Такая же разительная перемена, только наоборот, произошла и с Кухулином. Он ходил с неухоженными волосами, в грязной одежде, кожа его потускнела. Он очень много пил, чего никогда раньше не делал, а в глазах появилось какое-то отупение, совершенно ему не свойственное. Друиды до сих пор продолжали время от времени давать ему снотворное, но, похоже, от этого он только делался более раздражительным и пил еще больше.

Я присел возле него. Кухулин покосился на меня, нахмурился и, ничего не сказав, допил вино, остававшееся на дне кубка.

— Тебе уже достаточно, — сказал я. — Почему ты так много пьешь?

Он скривился.

— Здесь все пьют.

— Но они пьют из-за страданий, вызванных проклятием Мачи, чтобы справиться с болями. А ты ведь не болен.

— Вы держите меня здесь, а тем временем Ольстер пылает в огне. Не думайте, что мне это нравится.
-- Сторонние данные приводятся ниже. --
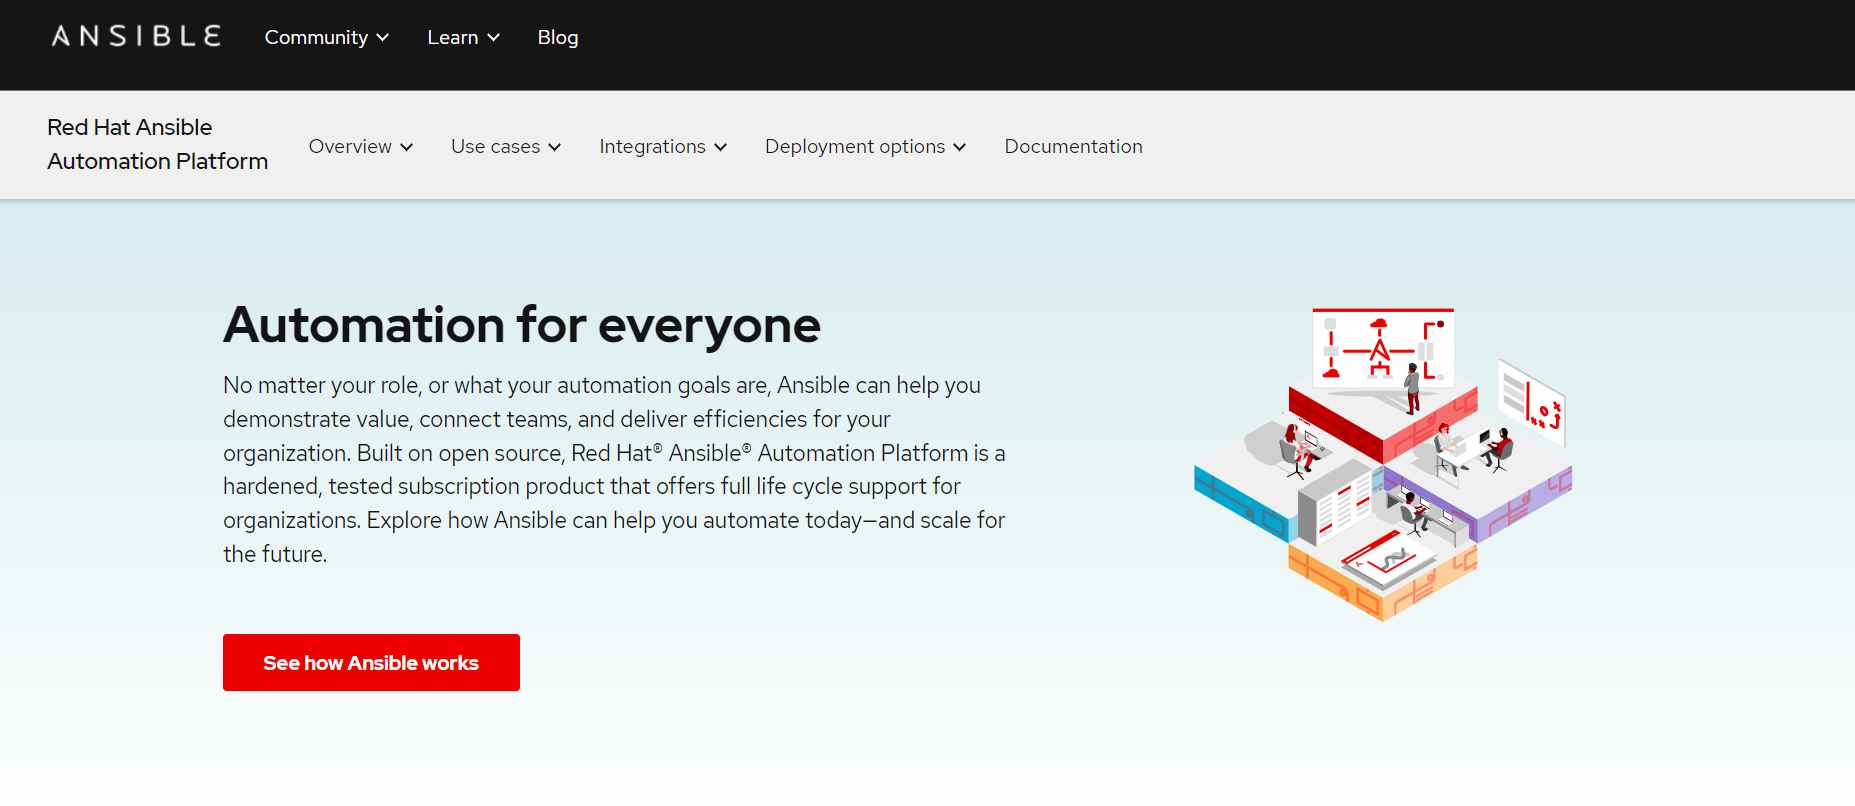 Feature image of Ansible automation tool

Я попытался воззвать к его рассудительности.

— Ты ведь знаешь, почему так происходит. Если ты нападешь на них в одиночку и погибнешь, это будет просто бессмысленной жертвой. Нам нужно подождать, пока остальные воины смогут встать на ноги и прийти к тебе на подмогу.

Я замолчал. По выражению его лица было видно, что мои доводы его не убедили.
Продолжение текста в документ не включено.